Berdasarkan fungsinya, penganggaran pemerintah mempunyai tiga fungsi utama yaitu:
1. Stabilitas fiskal makro,
2. Alokasi sumber daya sesuai prioritas, dan
3. Pemanfaatan anggaran secara efektif dan efisien.
Untuk mencapai tujuan penganggaran ini, dilakukan dengan tiga pendekatan baru dalam
penyusunan sistem penganggaran yaitu:
1. Penerapan kerangka pengeluaran jangka menengah. Kerangka pengeluaran jangka menengah digunakan
untuk mencapai disiplin fiskal secara berkelanjutan. Kementerian negara/lembaga mengajukan usulan
anggaran untuk membiayai program dan kegiatan dalam tahun anggaran yang direncanakan dan
menyampaikan prakiraan maju yang merupakan implikasi kebutuhan dana untuk pelaksanaan program
dan kegiatan tersebut pada tahun berikutnya. Prakiraan maju yang diusulkan kementerian
negara/lembaga disetujui oleh presiden dalam keputusan presiden tentang rincian APBN untuk menjadi
dasar bagi penyusunan usulan anggaran kementerian negara/lembaga pada tahun anggaran berikutnya
setelah tahun anggaran yang sedang disusun.

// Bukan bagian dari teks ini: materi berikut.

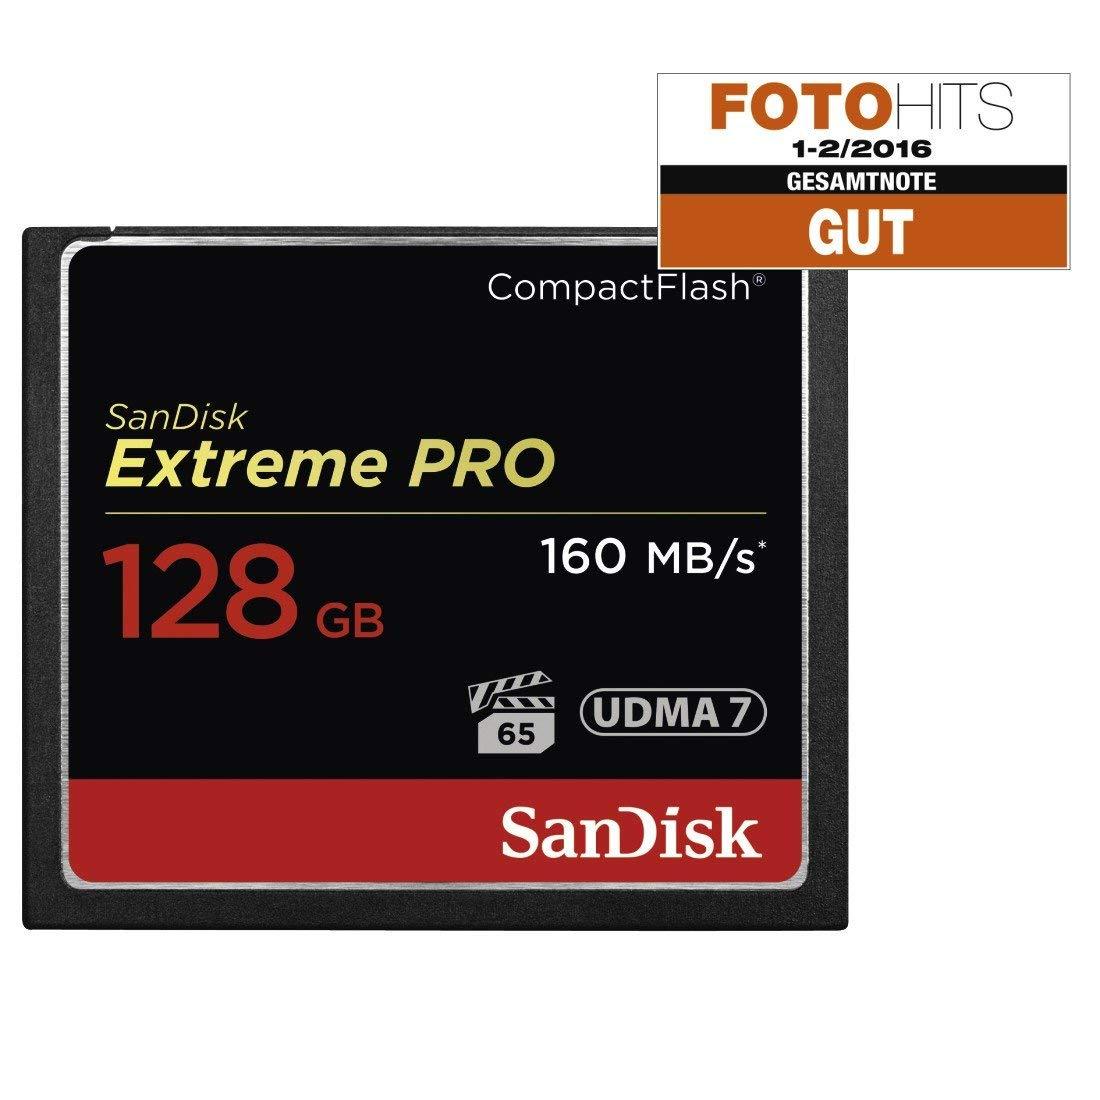 SanDisk Extreme PRO 128 GB /ОРИГИНАЛ!/ CompactFlash карта памяти UDMA 7 скорость до 160MB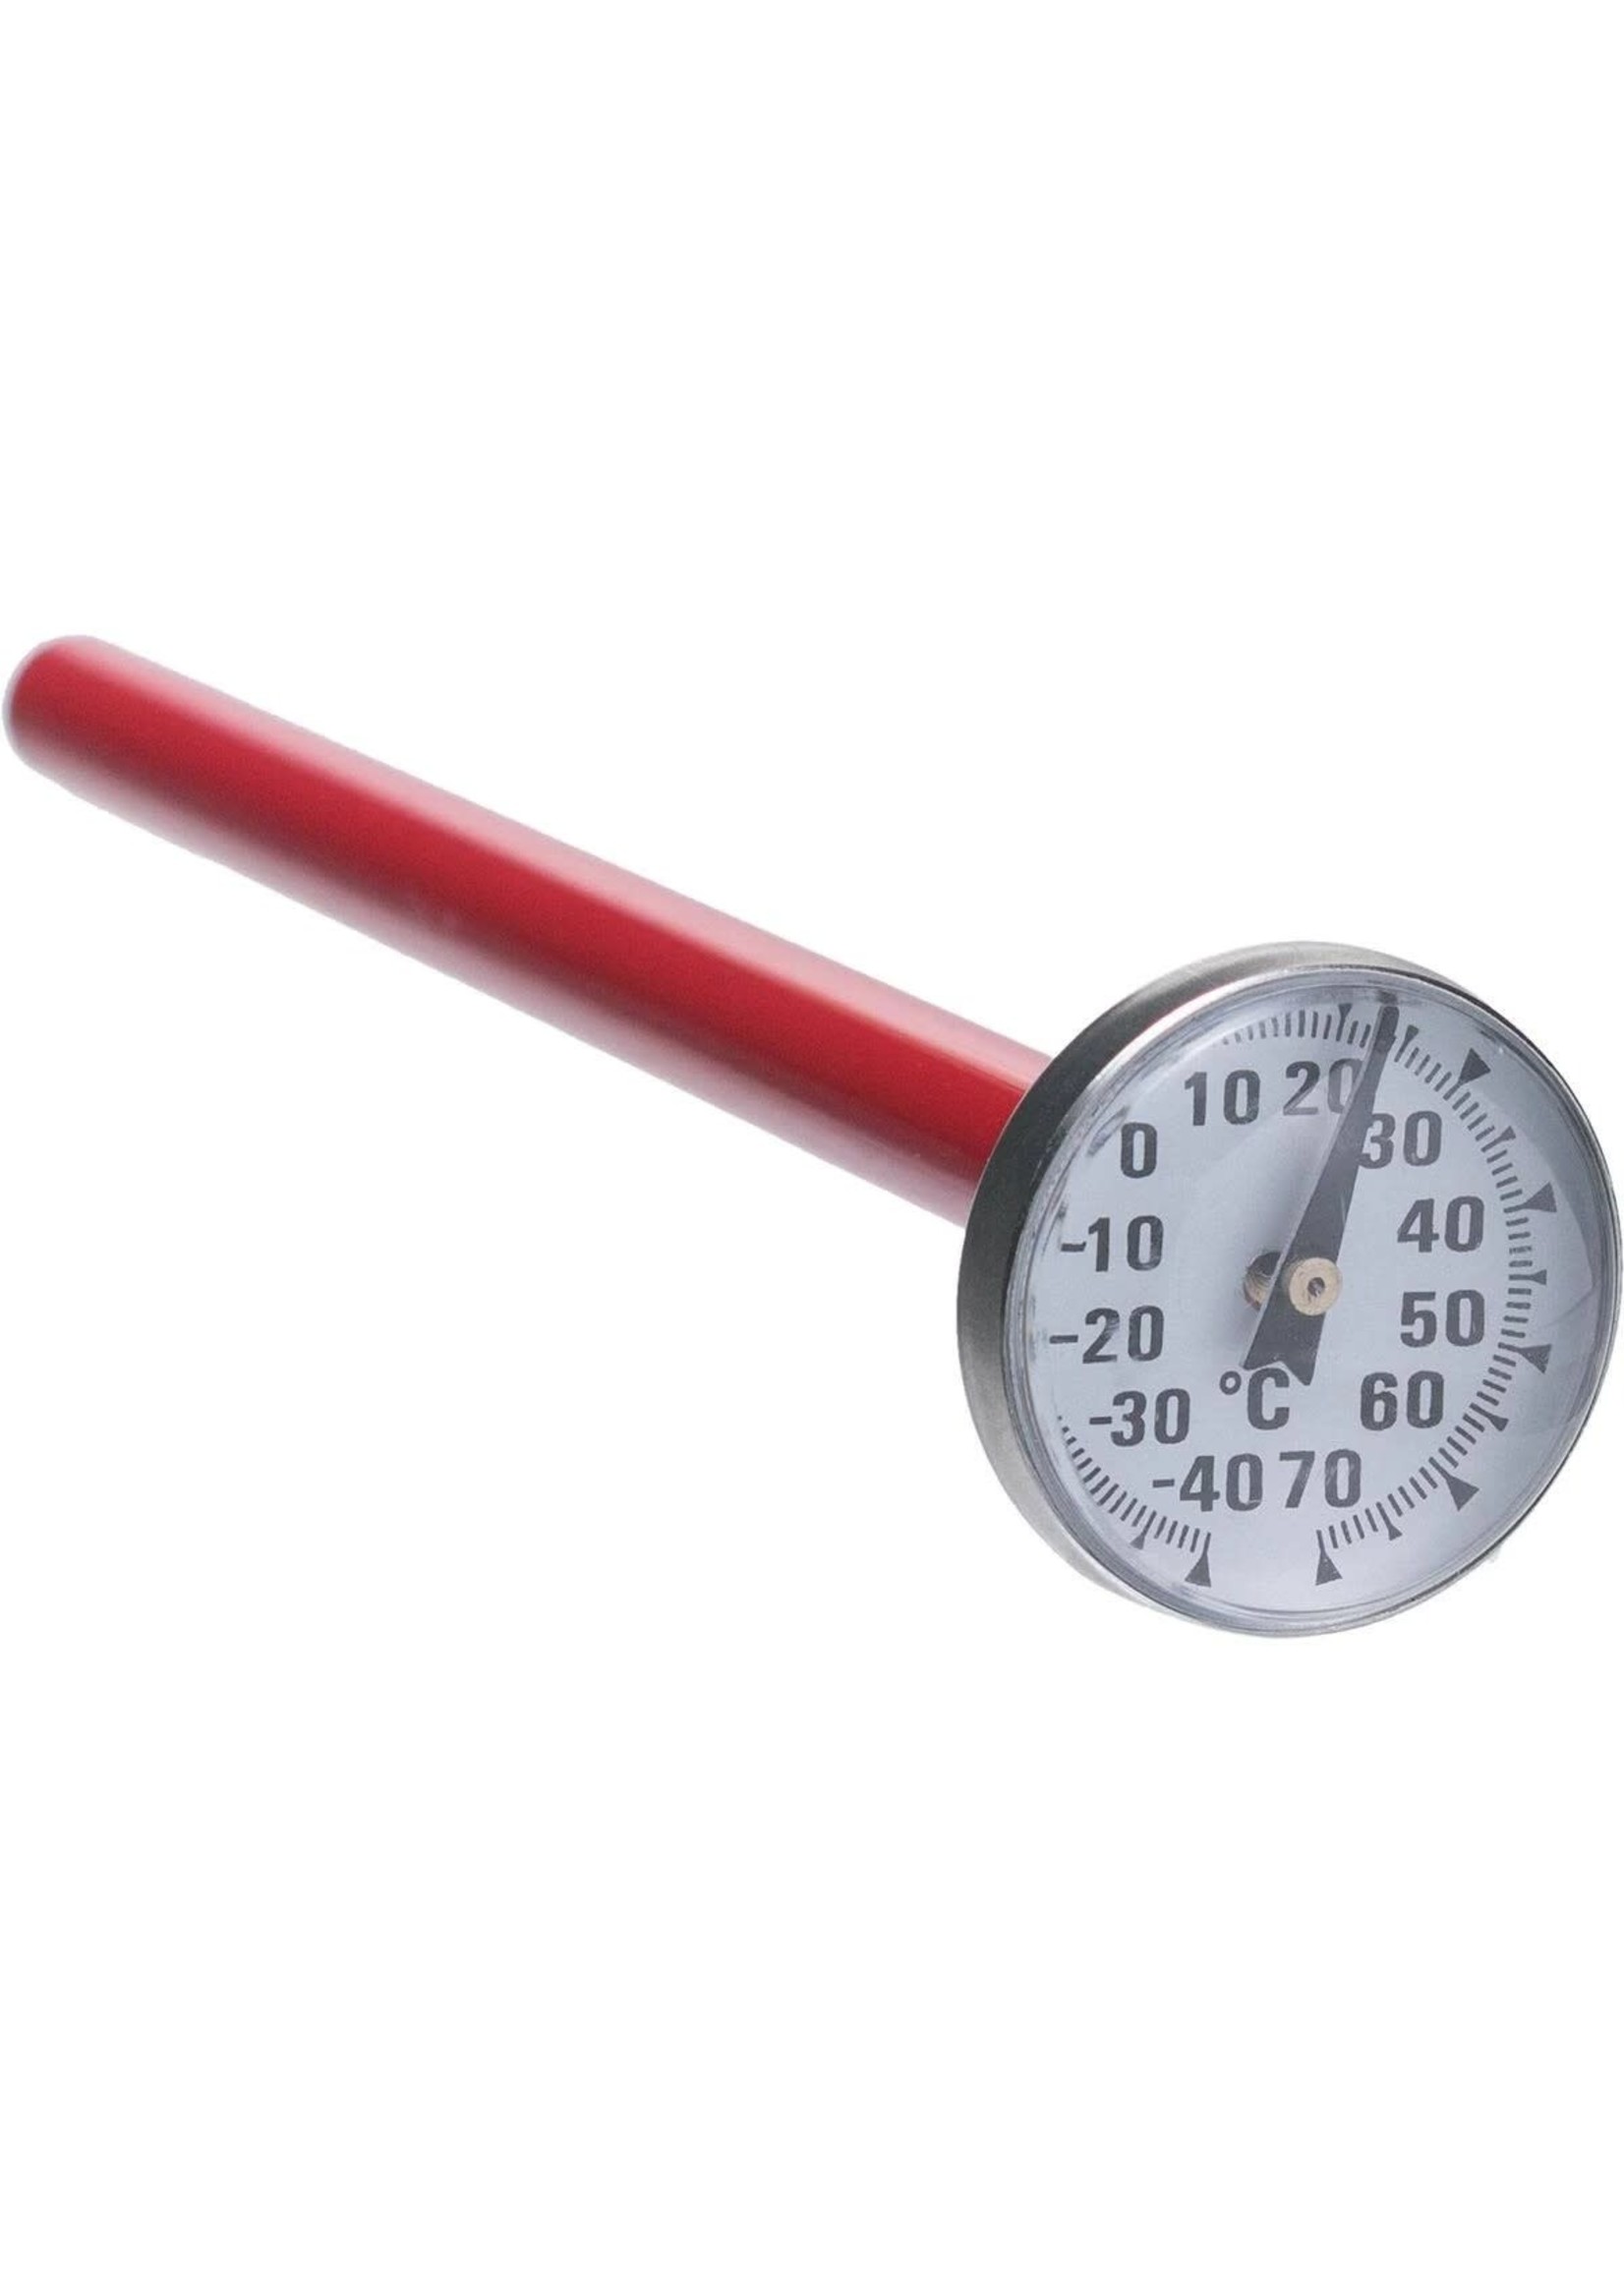 BCA Thermometer Analog

2. Penerapan penganggaran terpadu. Penyusunan anggaran terpadu dilakukan dengan mengintegrasikan
seluruh proses perencanaan dan penganggaran di lingkungan kementerian negara/lembaga untuk
menghasilkan dokumen Rencana Kerja dan Anggaran Kementerian Negara/Lembaga (RKA-KL) dengan
klasifikasi anggaran belanja menurut organisasi, fungsi, program, kegiatan, dan jenis belanja.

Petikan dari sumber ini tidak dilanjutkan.